Thanks teacup. 
'all the money the government has comes from the private sector'
I think it would make sense for people to move away from this input-output model of economics, because it's not how the whole thing operates. It's more about keeping money moving around, about the flow of cash within the entire system, and whether it is sufficiently spread out and reinvested for the common good.
For example, if you are a private sector construction company building a motorway, or a large public building (law court, academy, GP surgery), your money has invariably some from the taxpayer in almost all cases. If you are a large-scale publishing company like, say, Pearson, then quite a bit of your profits are coming from underpaid teachers and academics in the public sector writing books for you for practically nothing (for example only £300 for writing an entire reference book) , and then you selling them to the school, library and university sector at an enormous markup (£7 profit per copy). Network Rail are a large private company running our railways, and developing related infrastructure, and the railways were originally built by private companies, but modernisation of infrastructure generally has to be funded by and accountable to the taxpayer for various reasons, safety being one of them.

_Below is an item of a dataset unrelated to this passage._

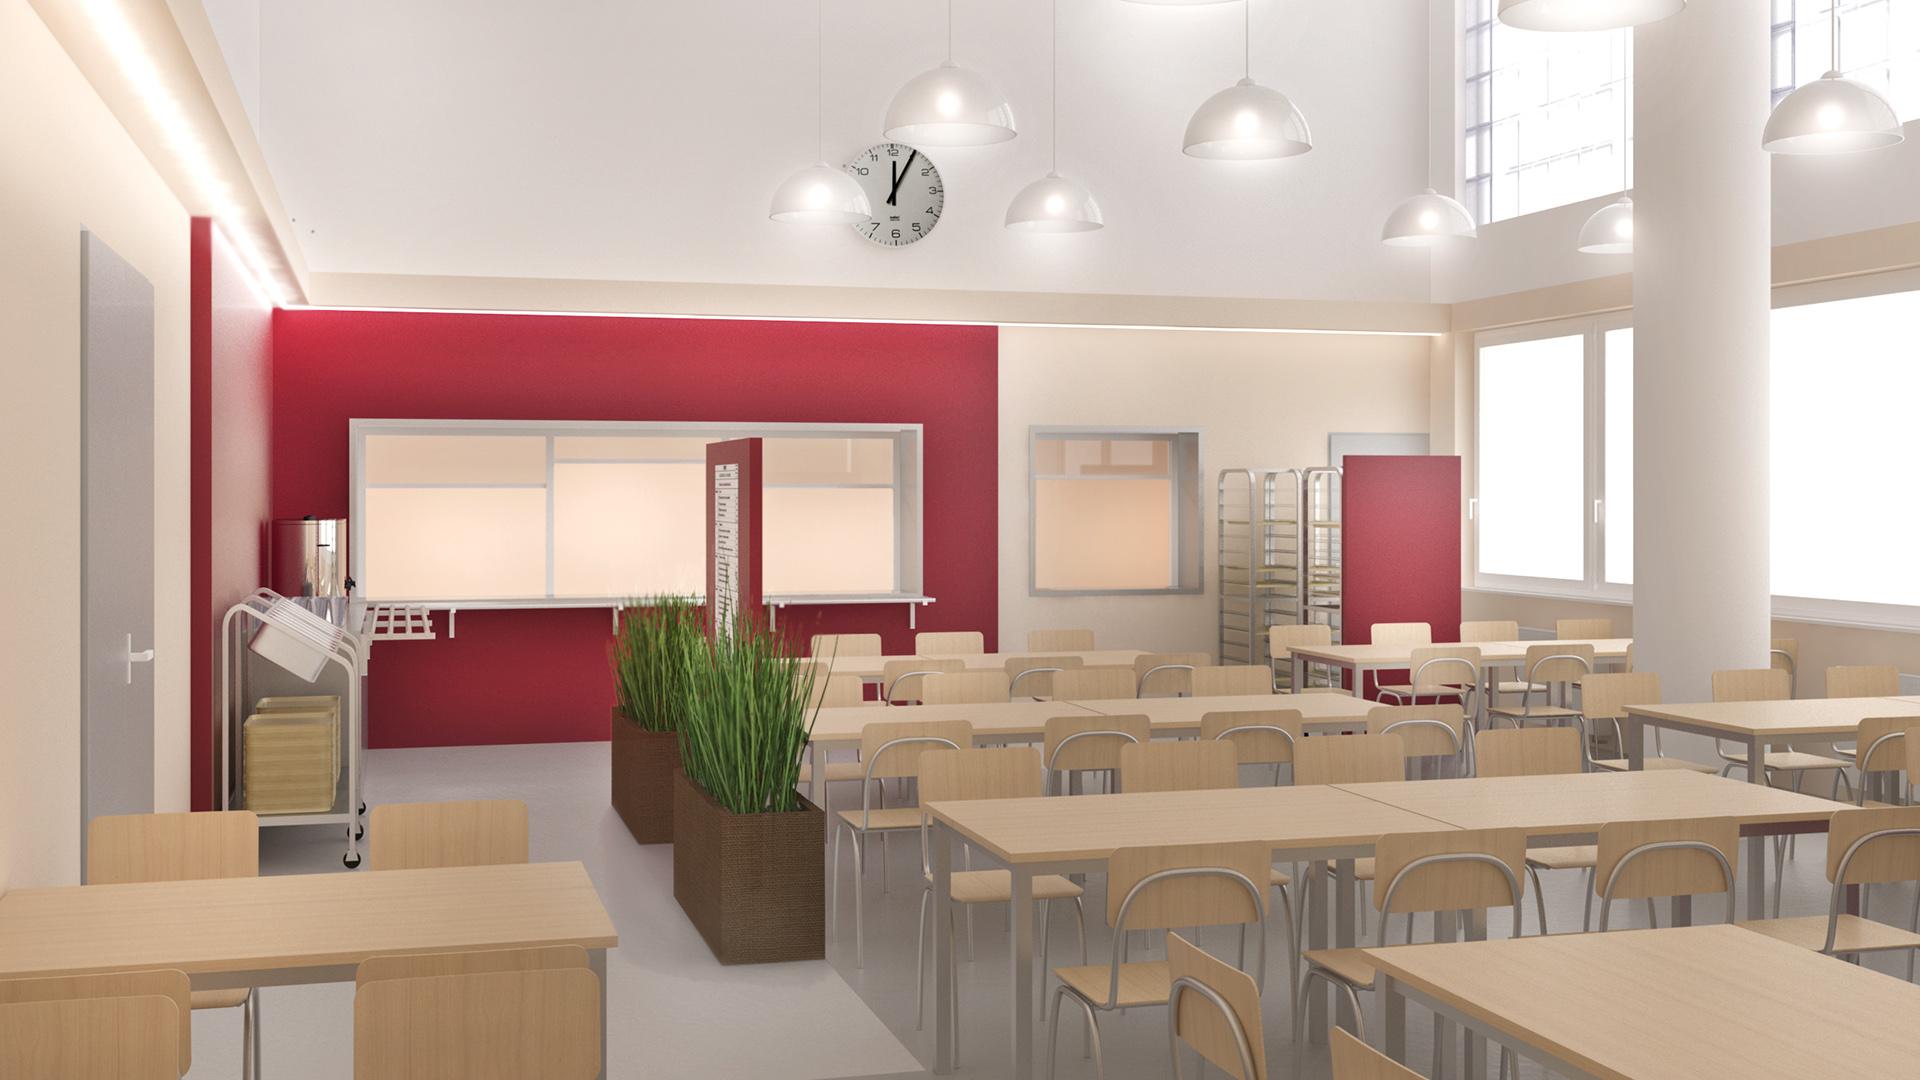 Architektonický návrh řešení rekonstrukce jídelny střední školy v Nuslích. Návrh spočívá v rozdělení místosti opticky svítidlama a designem podlahy z vinylu. Zavěšená svítidla v části

Let's take it down a level, to smaller private businesses, or suppliers that could be private. The local grocery shop benefits indirectly from EU farming subsidies that make food supplies more reliable and cheaper for all of us (although it may not feel like that at the moment). We could remove these subsidies, and the associated controls, and leave it to the invisible hand of the market/private sector but then when your milk had melamine in it as happened in China, you would have to accept the risk. The local GP - that could be private, couldn't it? After all, in Jersey doctors are private as they don't have the NHS. I mean, anyone can afford to pay £20 to see a doctor, can't they, and it could save doctors' time? Actually what it means is that you start to see adverse selection as in the US, where people with more difficult or expensive health problems are unable to find insurance and also unable to afford the full costs of private medicine. This system culminates in increasing numbers of women not having any ante-natal care at all, and only seeking medical attention in labour, because hospitals in the US are legally obliged to accept them at no charge in such circumstances. It also means babies die and the US infant mortality rate figure are comparatively poor. Plus the proportion of Gross Domestic Product spent on medical care overall shoots right up as shareholders need a return, and businesses buy each other out and need to ensure leverage, so ultimately everyone is worse off without socialised medicine (as people in the US would call it).
So what we really need is a system where we take a step back and look at the greater good, and how the markets can serve that, rather than arguing about which side is right and which is wrong (as there is no entirely public or private market in existence). If we do that we can reform society in a way that serves modern lives, rather than chasing diminishing economic resources.